Question 1: How, specifically, can someone like me incorporate knowledge about the climate problem to my students as an English teacher?

As I've said elsewhere, namely in my "Prezi" project, I can have my students research the topic and take sides for or against the evidence pointing toward enivronmental problems as well as research possible solutions for reducing one's carbon footprint or getting off fossil fuels. English/language arts classes should all be about getting adolescents to learn how to think critically anyway, particularly via the written word, and getting them to brush up on a world issue, especially one that effects them personally and directly (whether they appreciate it or not) is a fabulous vehicle for that.

Question 2: What is one online resource that could be described as a "fun" way of getting boys and girls to care more about the environment?

Waters describes a multiplayer sort of "video game" that simulates ecological disasters such as floods, storms, overheating, etc. The game is called PowerUp and the object is for players to build alliances so that they can quite literally save the planet. Even if the nature of the game in itself doesn't entice kids to use it, I can always offer it as an extra credit assignment.

Monday, April 18, 2011

Journal 8: Point/Counterpoint: Should Schools Be Held Responsible for Cyberbullying?

Bogacz, Renee, and Miguel Gómez Gordillo (2011). Point/Counterpoint: Should Schools Be Held Responsible for Cyberbullying? Learning and Leading with Technology, 38(6) retrieved from

Bogacz and Gordillo's article goes well beyond addressing anything specifically digital. The article explores the prevelant societal problem of bullying in general in American culture, including schoolyard bullying. In addition to emphasizing the importance schoolteachers, administrators, and students themselves who witness or are victims of cyberbullying, the first half of the article, namely Bogacz's portion, stipulates that parents closely monitor and check everything that their children do in the online world. Bogacz places the onus of responsibility on the schools to deal with cyberbullying, while Gordillo's response in the second half of the article is to place the onus of responsibility on parents, because children who bully, either in the digital world or the real world, tend to do so because they have not been taught how to respect others. The root of that problem is how their parents, or whoever has raised them, has taught them how to behave. Schools can only do so much. Parents and students themselves have to meet them halfway.

Question 1: What can someone like me do about cyberbullying in my future classroom?
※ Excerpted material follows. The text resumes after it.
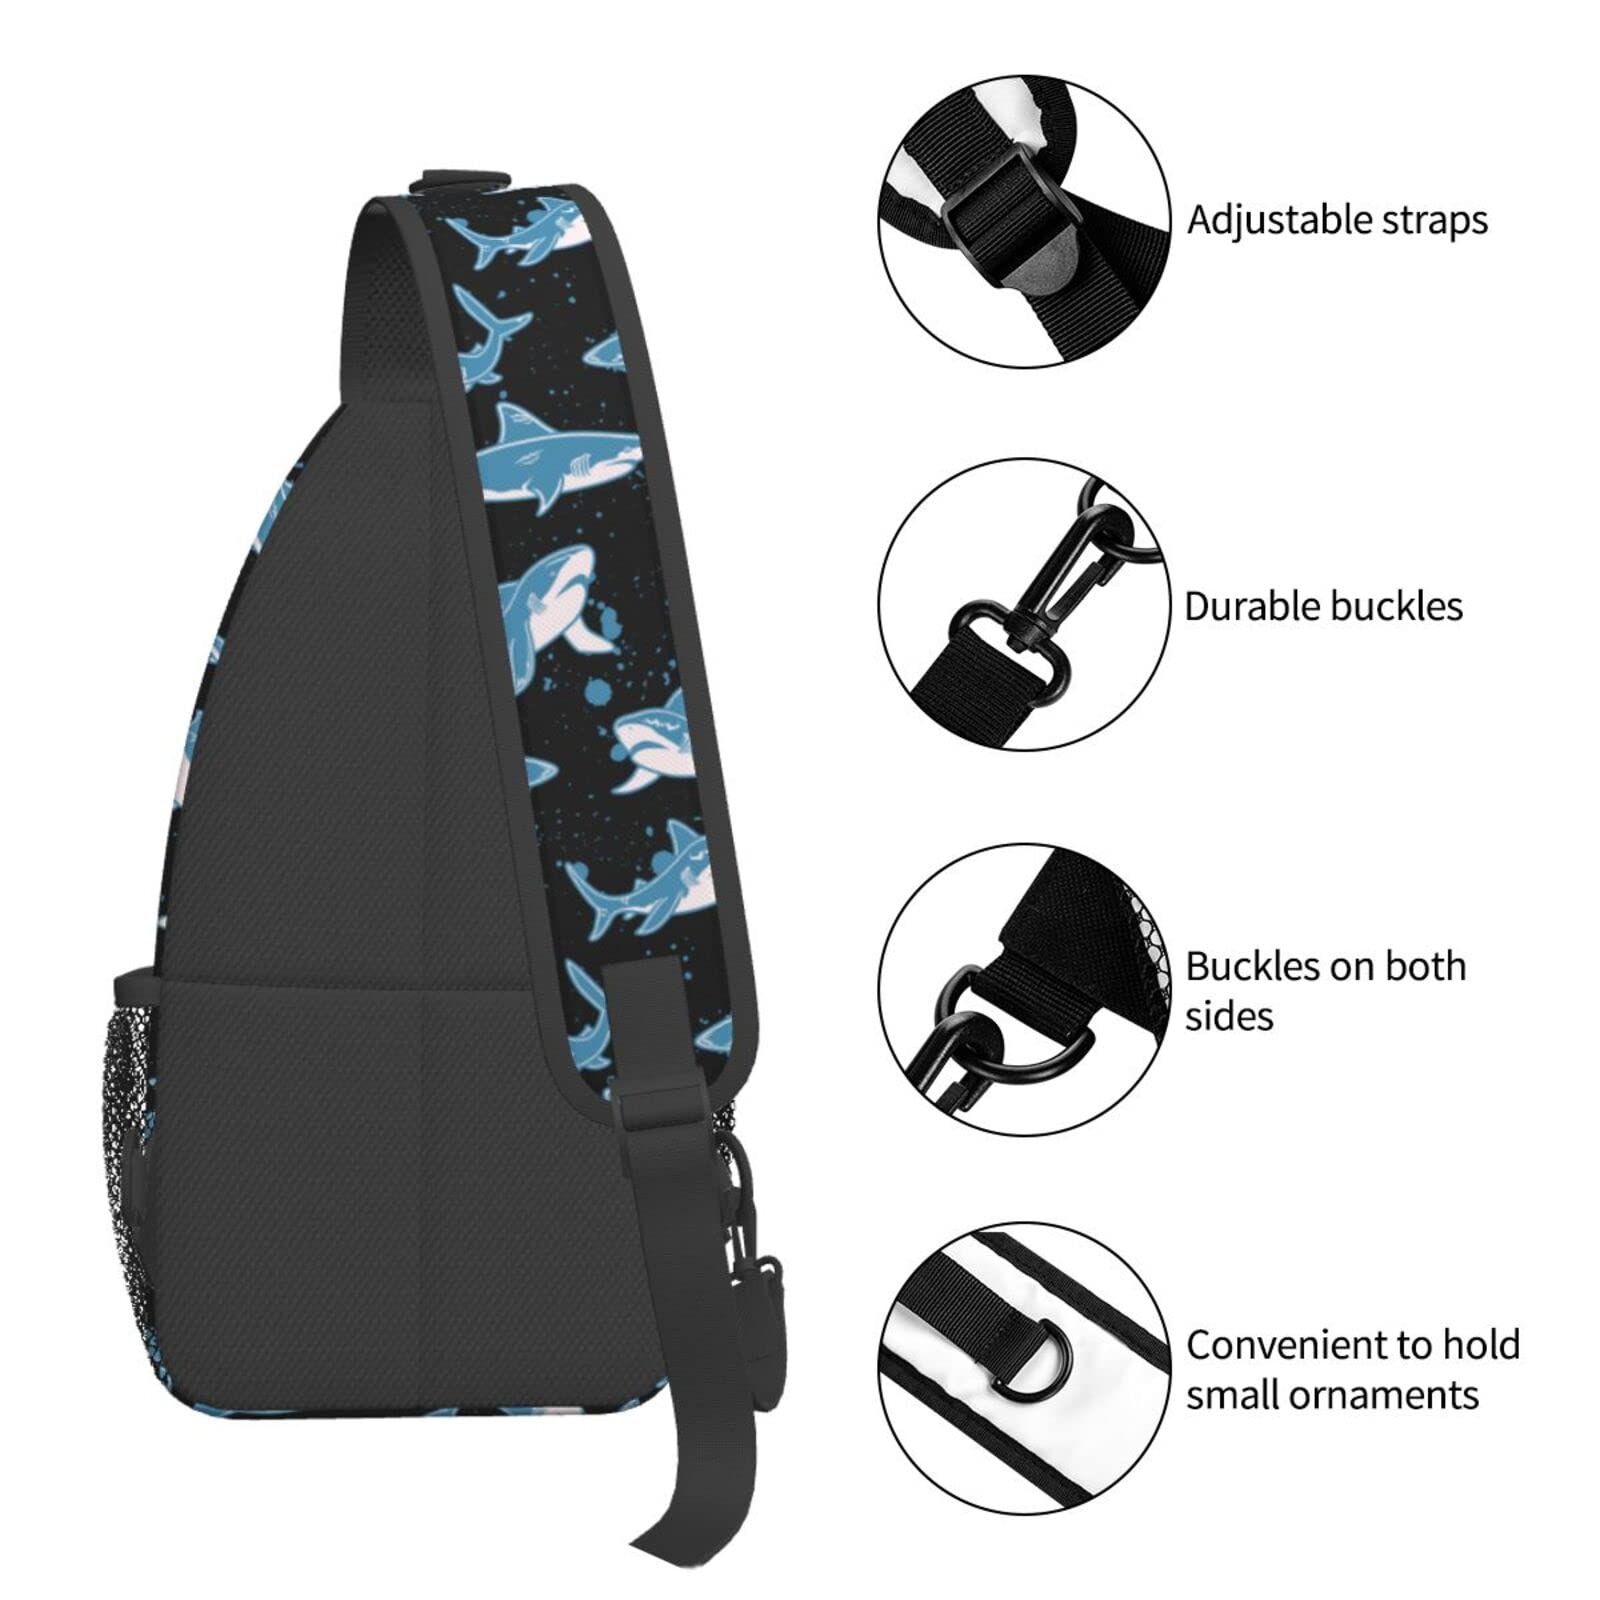 Yrebyou Shark Sling Bag for Women Men Crossbody Strap Backpack Lightweight Waterproof Travel Hiking Daypack Shoulder Bag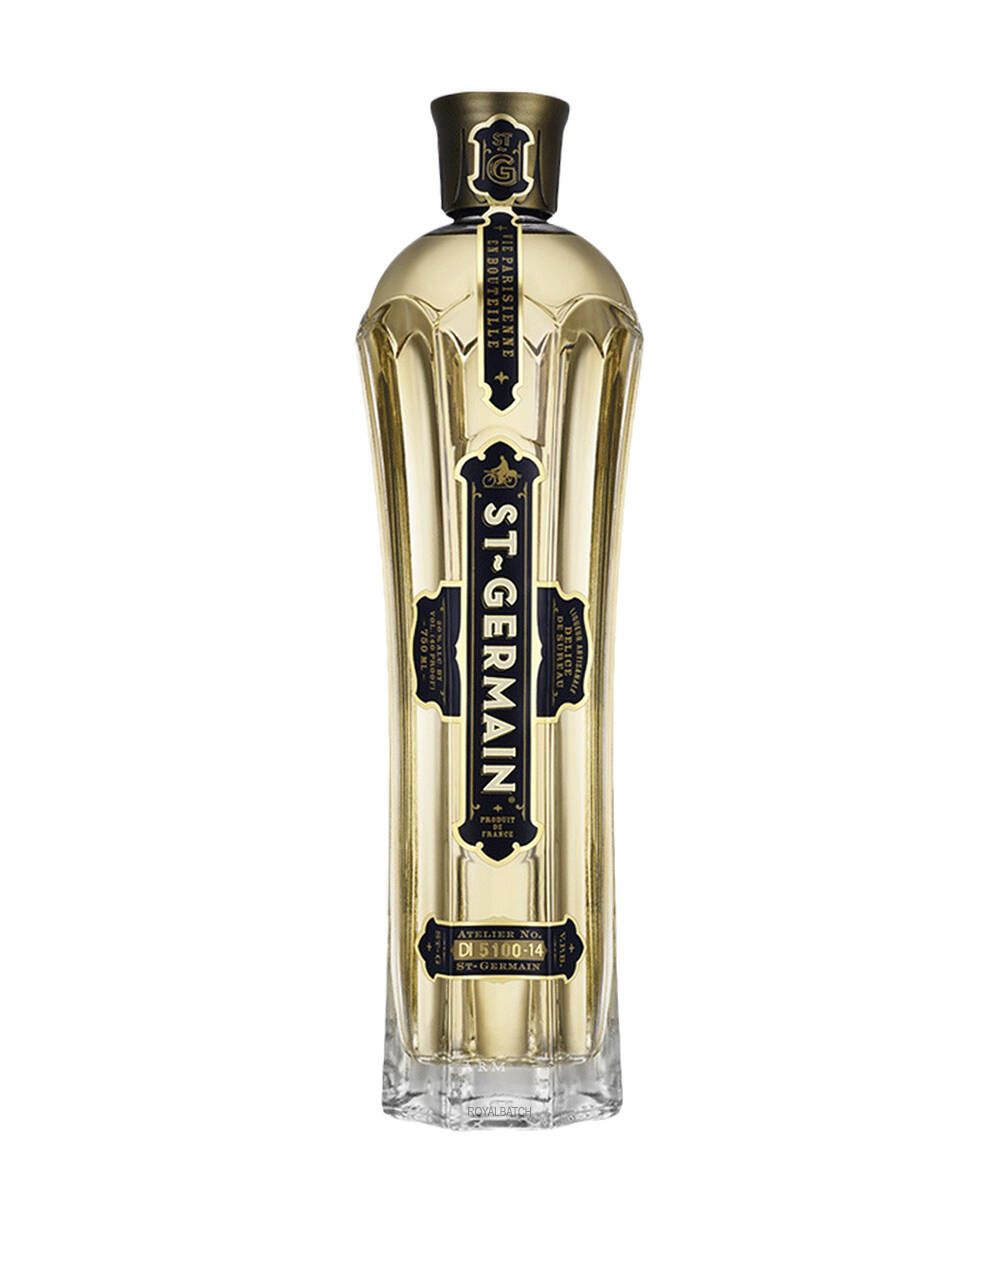 St. Germain Elderflower Liqueur 50ml

When my students use the Internet to carry out class assignments--such as having them having engage in online discussions or write responses to prompts, I may deduce points if they are disrespectful to me or their fellow students. Or, I may simply ask them to keep redoing the assignment until they behave. And whether I am dealing with cyberbullying or live bullying, one thing I have had in thr back of my mind for a long time now is that when I catch my students being rotten, I will simply ask them to write letters of apology, as well as ask the two parties--the bully and the victim--to honestly express their feelings to each other, ie for the one who is bullied to tell the bully how the latter made him/her feel while asking the bully themselves to write maybe a semi-essay on why they acted the way they did and why they will never do it again. As an English teacher, getting my students to embrace written and spoken language as a means to improve human relationshsips is what it's all about, for me.

Question 2: What should parents do about cyberbullying?

I am of the opinion that Bogacz's stipulation that parents closely monitor and check everything that their children do in the online world is indeed overkill. If parents cannot even trust their own children with phones and computers than they shouldn't let their offspring have them at all. Before letting their children have access to electronic communications, however, parents should emphasize to their kids about being careful and watchful of people they run into tin the online world, just as parents should caution children when dealing with people in the real world. Parents can't wrap their children in woll forever; they need to prepare them for dealing with unpleasant and potentially dangerous people in life and teaching their sons and daughters how to behave responsibly and how to avoid undesirables is the key to giving adolescents the tools to function on their own.

Sunday, April 17, 2011

Journal 6 : Grow Your Personal Learning Network

Warlick, D (2009). Grow Your Personal Learning Network. Learning and Leading with Technology, 36(6), retrieved from

Summary: David Warlick's exploration of the use of digital Personal Learning Networks (PLNs) merely emphasizes what we here in ED 422 have been exploring and experiencing first-hand all along: that the right resources can permit information to come right to us. The presence of youtube, flickr, twitter, diigo, wikis, blogs, and many, many other devices not only act us a giant funnel that filters and channels relevant and desirable information directly to us in ways that are more convenient and less time-consuming, but also place an onus of responsibility on us, especially those of us who wish to be educators, to recognize our own roles as likely pieces of other peoples personal learning networks. Warlick's ultimate thoughts on the matter is that technology, including information technology, is ultimately amoral and that all the tools mentioned above at one's disposal are meaningless unless educators carefully illustrate to their students how to use them so that they learn how to take a more active part in their learning.

Question 1: What are some ways in which I could use the proper social networking tools to help filter out extraneous electronic information?

Using bookmarking services like Delicious will allow you to look for the most valuable and reliable sources because if someone else has bookmarked a website and given it a tag, that narrows down a Google search considerably. Likewise, subscribing to such tagged phots or videos from flickr or youtube, or to blog searches on a topic of your choice are ways that not only trim down your time looking for good articles, posts, images, or videos, but better organize it all for you. So if I were to get a youtube account, I can subscribe to the channel of a fellow user who I know uploads videos on teaching methods; I might subscribe to their videos if they are tagged with words like "creative writing" which would put me in direct contact with videos that I could learn from as opposed to having to do a google video search and potentially wading through a myriad of useless hits before reaching something helpful.

Question 2: What are some ways in which my students might have PLNs already?

PLNs aren’t about relying solely on digital resources to further one’s learning. Friends, family, classmates, and other people are part of a person’s network. Communicating both in person and via phone and email in order to both help others with schoolwork and get help with one’s schoolwork is networking in action. Part of the point of being a teacher is to show adolescents how they can expand their network further.